Work in multiple animal models of schizophrenia has demonstrated that hyperactivity in the vHipp can drive an increase in dopamine population activity. For example, the mitotoxin methylazoxymethanol acetate (MAM) has been administered to pregnant female rats at gestational day 17 to induce schizophrenia-like changes in anatomy, physiology, and behavior 20. MAM-treated rats show hyperactivity in the vHipp and an increase in the number of spontaneously active dopamine neurons in the VTA21. Inactivation of the vHipp was able to normalize dopamine cell population activity21, suggesting that the dysregulation of the vHipp can result in aberrant dopamine system function. The sub-chronic PCP model (5mg/kg, 2 times/day, 7d) has also been shown to induce behavioral symptoms that model the positive, negative and cognitive symptoms of schizophrenia22,23. We have demonstrated that sub-chronic PCP administration also produces an increase in the number of spontaneously active dopamine neurons in the VTA, an effect that can be reversed by inactivation of the vHipp24. Further, the cyclin D2 knock-out mouse model displays a relatively selective deficit in vHipp inhibition, accompanied by schizophrenia-like behavioral deficits25. Knock-out animals were shown to have an increase in dopamine population activity in the VTA25, suggesting that dysregulated activity in the vHipp can underlie aberrant dopamine signaling associated with schizophrenia-like behaviors. Thus, data from a diverse number of rodent models suggests a pathological enhancement in dopamine neuron population activity is directly attributable to an increased drive from the vHipp. The consequence of the increase in the number of spontaneously active dopamine neurons may be that normally benign stimuli are ascribed an abnormally high salience which may contribute to the paranoia and delusions associated with schizophrenia.

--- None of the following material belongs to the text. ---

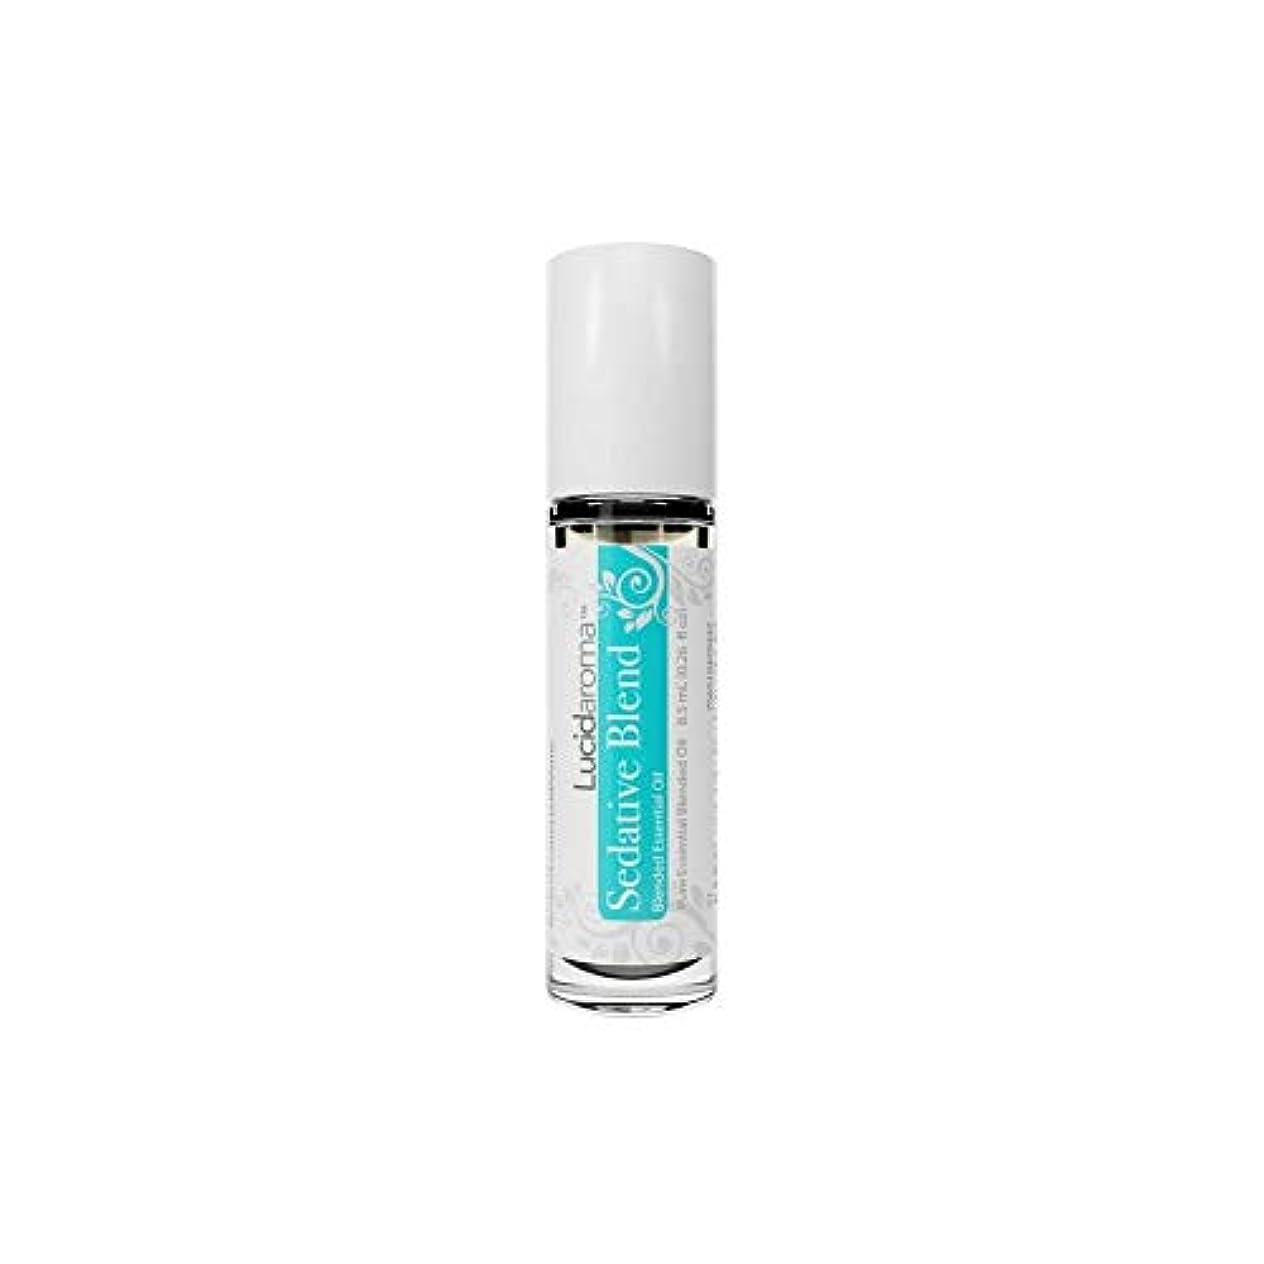 浸したみ昇るLucid Aroma Sedative Blend セダティヴ ブレンド ロールオン アロマオイル 8.5mL (塗るアロマ) 100%天然 携帯便利 ピュア エッセンシャル アメリカ製

Consistent with our preclinical data, anatomical and physiological changes are consistently observed in the hippocampus of schizophrenia patients. The rodent hippocampus is organized along a dorsal to ventral axis, which corresponds to a posterior to anterior axis in humans26. Structurally, decreases in hippocampal volume are a consistent observation in both postmortem and imaging studies27,28. The decrease in hippocampal volume is seen in first episode patients but also appears to progress throughout the course of the illness29,30. Furthermore, decreases in hippocampal volume seem to be primarily limited to the anterior hippocampus31,32 and has been shown to predict deficits in executive function33.

In addition to the anatomical changes, schizophrenia patients also show differences in hippocampal activity. The hippocampus plays an important role in declarative memory and schizophrenia patients demonstrate impaired recruitment of the hippocampus during memory tasks34,35. Despite these seeming reductions in hippocampal function, unmedicated schizophrenia patients show increased hippocampal activity at rest34,3638, an effect that can be attenuated by antipsychotic treatment38. This increase in hippocampal activity has been correlated with the severity of positive symptoms39, suggesting that hippocampal hyperactivity may drive increased activity in the dopamine system and underlie some symptoms of schizophrenia. Indeed, this is consistent with the preclinical data described above where inactivation of the vHipp can reduce dopamine population activity and normalize behavioral correlates of positive symptoms in a rodent model of schizophrenia21. Further, hippocampal connectivity is disrupted in schizophrenia patients40. Specifically, the anterior hippocampus shows decreased connectivity with regions such as the anterior cingulate and the medial prefrontal cortex40.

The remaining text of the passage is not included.